>>21431228>You can get charged with a felony or even a domestic terrorist charge for trying to expose factory farms or CAFOs. Clearly they have something to hide.Or maybe you'd just be trespassing on someone else's private and secure property, maybe to taint and contaminate their food industry products, introduce pathogens on your feet and clothes or intentionally poison the animal food supplies, or mess with their business model, durr. People break the law all the time when they use their ideals to justify it. What gives you the right to be there without being an employee worker. None. Your inability to see the entire picture should be punishable by law.
In my state, there are certainly egg chickens that are not free range, nor would I want them outside in the weather, the mud, and dubious conditions and ridiculous heat and humidity. Fans will blow around excrement. Free range would mean a greater need for antibiotics and sanitation changes, and I would not need to be introducing the risks of their fights and damages to each other, like happens when territories and roosters get involved. Animal welfare activists don't live in reality to see a whole picture.
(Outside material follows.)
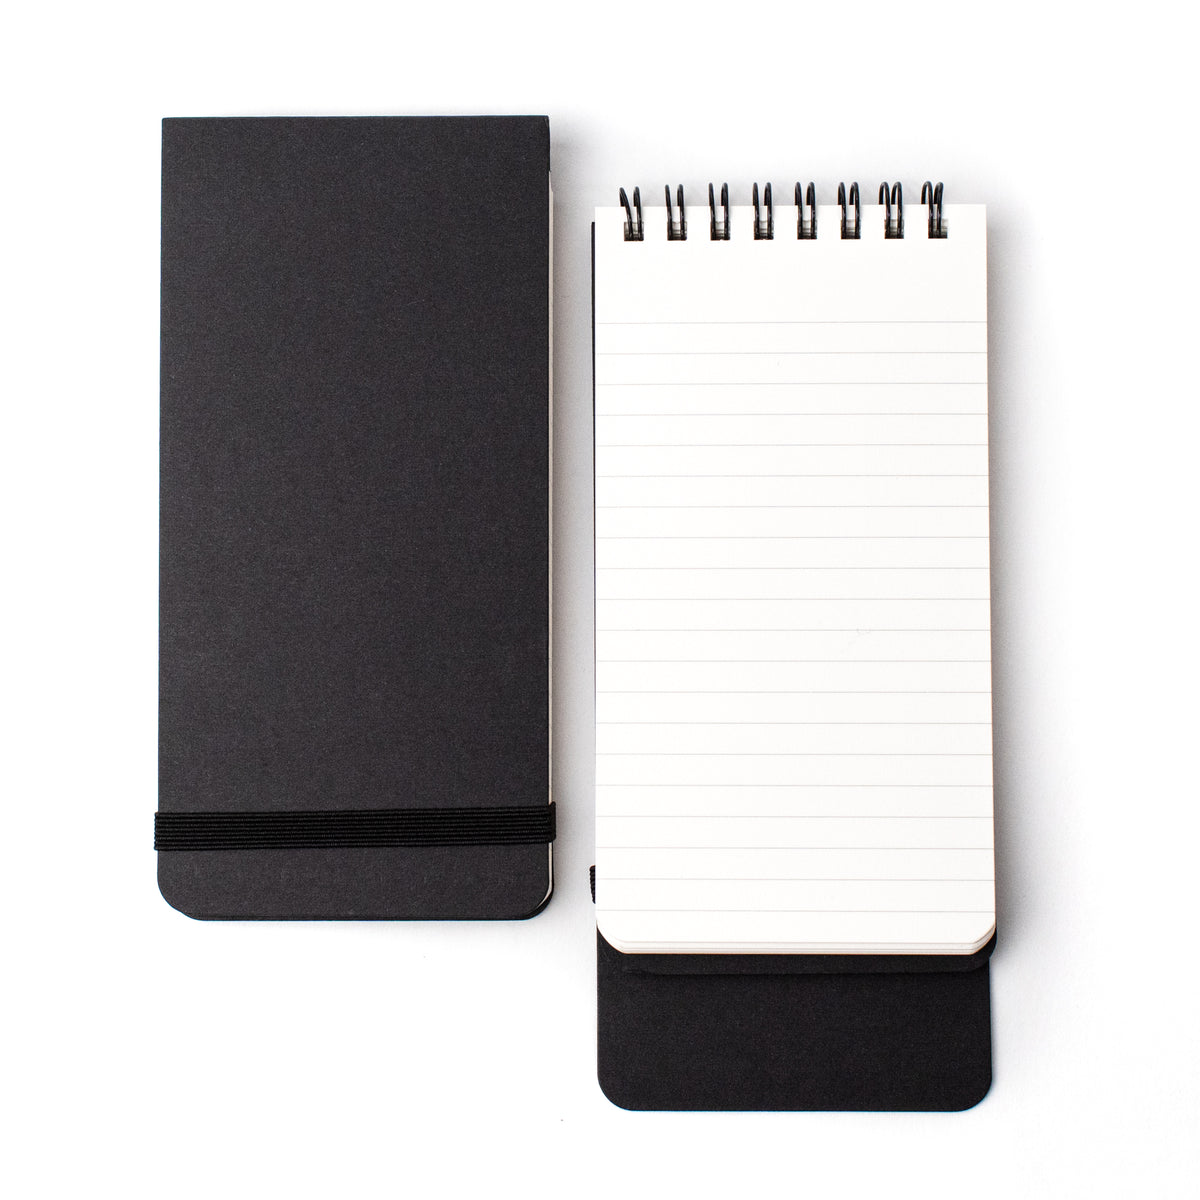 A Blackwing Reporter Pad with a spiral on top, perfect for note-taking or sketching.

Get your own chicken coop is the answer, and then euthenize the unwanted chicks as the birds live and die in their short life cycles. Very short. It's neither feasible nor economical, but it's fine for occasional slaughter, and gifting.
The other animal farming is very light, maybe 6% of the overall state, which is nearly entirely agriculture. You'll see nearly all cattle have literal acres to graze but instead just park themselves near water and under trees to stay cool. They'll share land with agriculture.